Goals for dilated cardiomyopathy (DCM) under anesthesia are to keep the preload normal, afterload low to normal, heart rate normal to high, and contractility high with possible use of inotropes. Goals for hypertrophic cardiomyopathy (HCM) are to keep the preload normal to increased, afterload normal to high, heart rate low to normal with possible use of beta blockers to decrease the heart rate, and contractility normal with no use of inotropes. Restrictive cardiomyopathy (RCM) is treated similarity to cardiac tamponade or constrictive pericarditis. Under anesthesia, the preload goals would be normal to high, afterload should be kept normal, heart rate normal to high as stroke volume is fixed, contractility normal to high with the use of inotropes as needed and the pulmonary vascular resistance low.

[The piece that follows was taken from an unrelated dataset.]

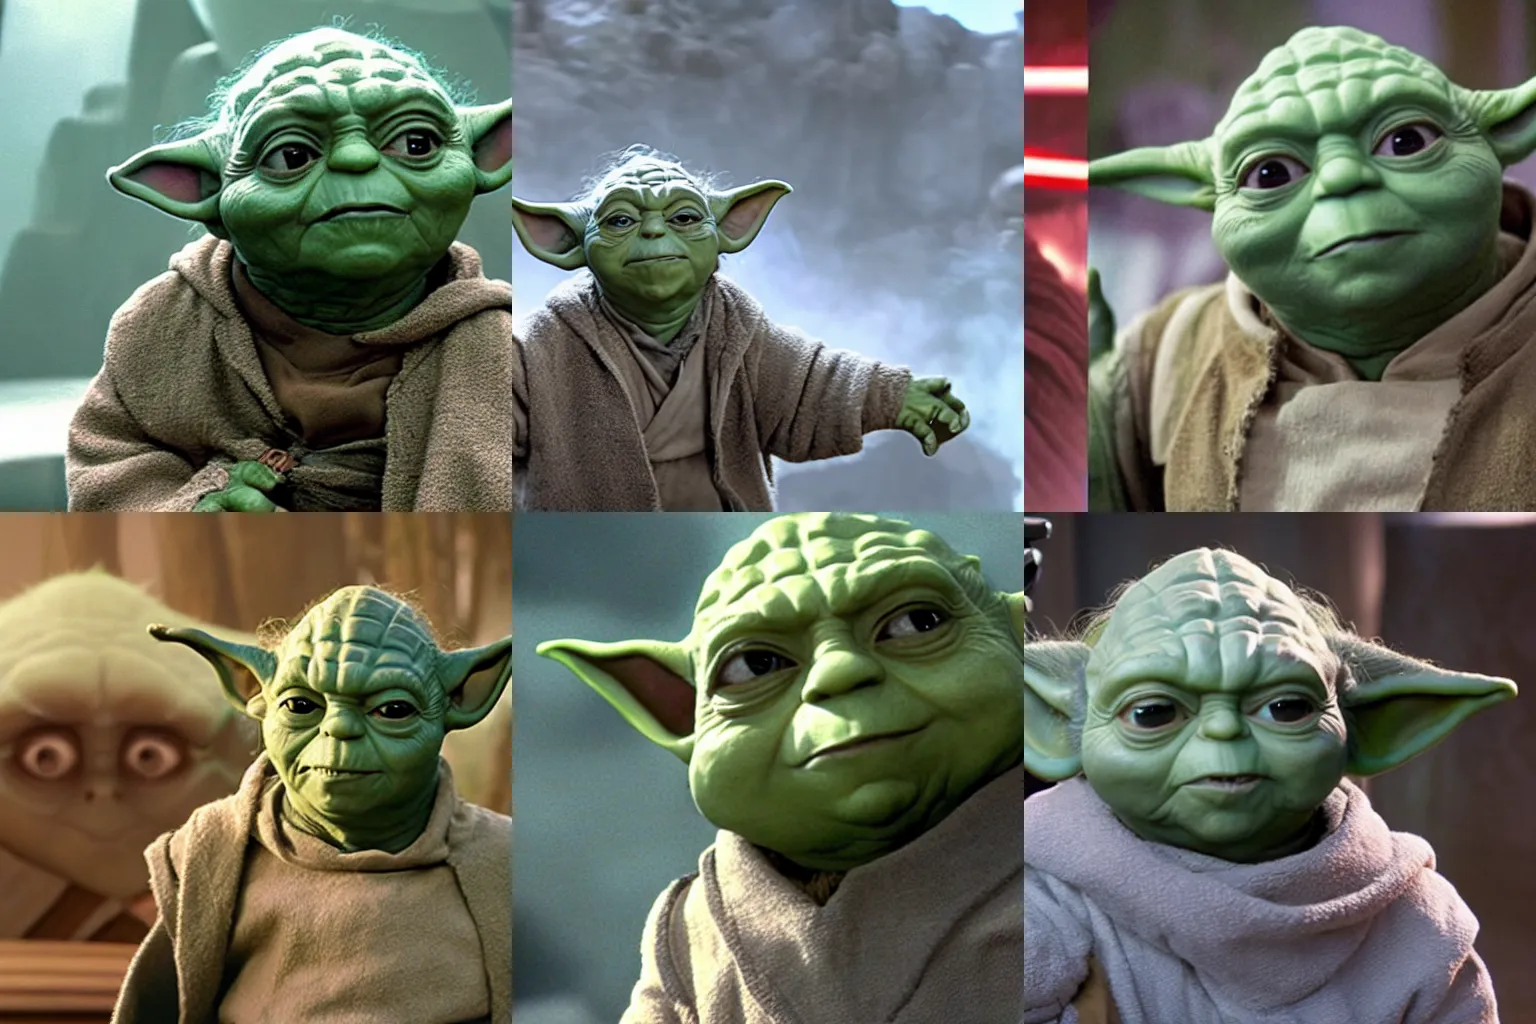 Prompt: Josh Gad as Yoda in Star Wars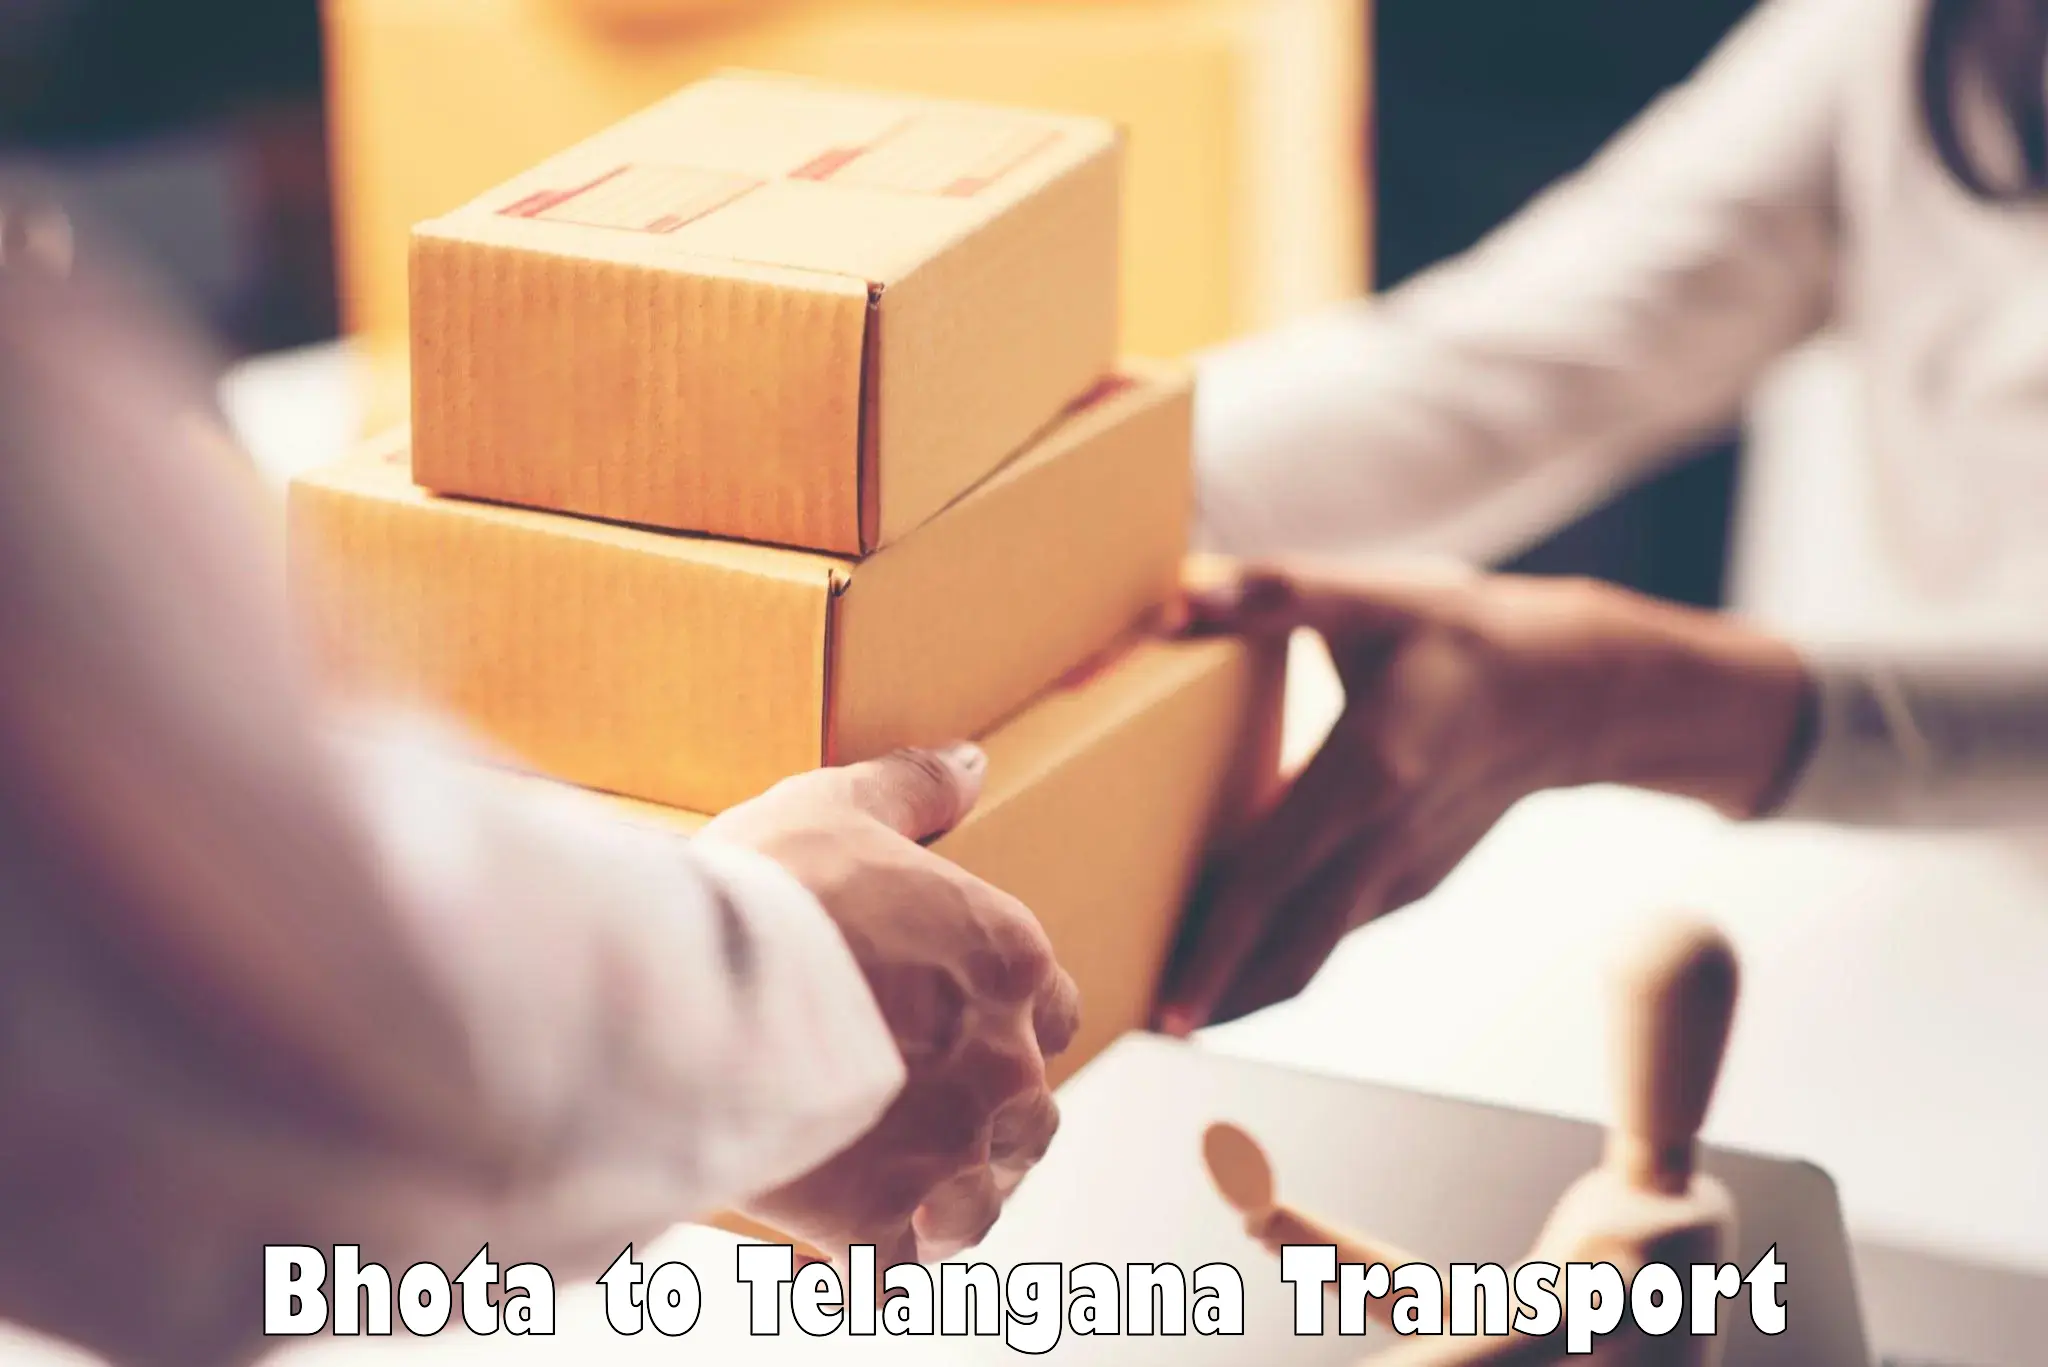 Truck transport companies in India Bhota to Kacheguda

Dr. Latham gave his TEN COMMANDMENTS OF CARDIOMYOPATHY; they are:
- Talk to the cardiologist
- Have a rescue plan
- Maintain cardiac output
- Maintain preload goals
- Maintain afterload goals
- Maintain oxygen supply/ demand
- Maintain a sinus rhythm
- Maintain heart rate goals
- HCM: Maintain SVR
- Titrate Anesthetics
There are many medications that we use in anesthesia that can be titrated slowly to effect. Keep in mind that propofol and volatile agents will decrease the patient’s SVR, while nitrous oxide, etomidate and opioids will keep it stable. Ketamine may have a stable to negative effect on contractility depending on the level of endogenous catecholamines. Last but not least important is to keep rescue medication close at hand. Medications that will increase the patient’s SVR are phenylephrine, norepinephrine, and vasopressin. Medications to increase contractility are milrinone, dobutamine, epinephrine, dopamine and ephedrine.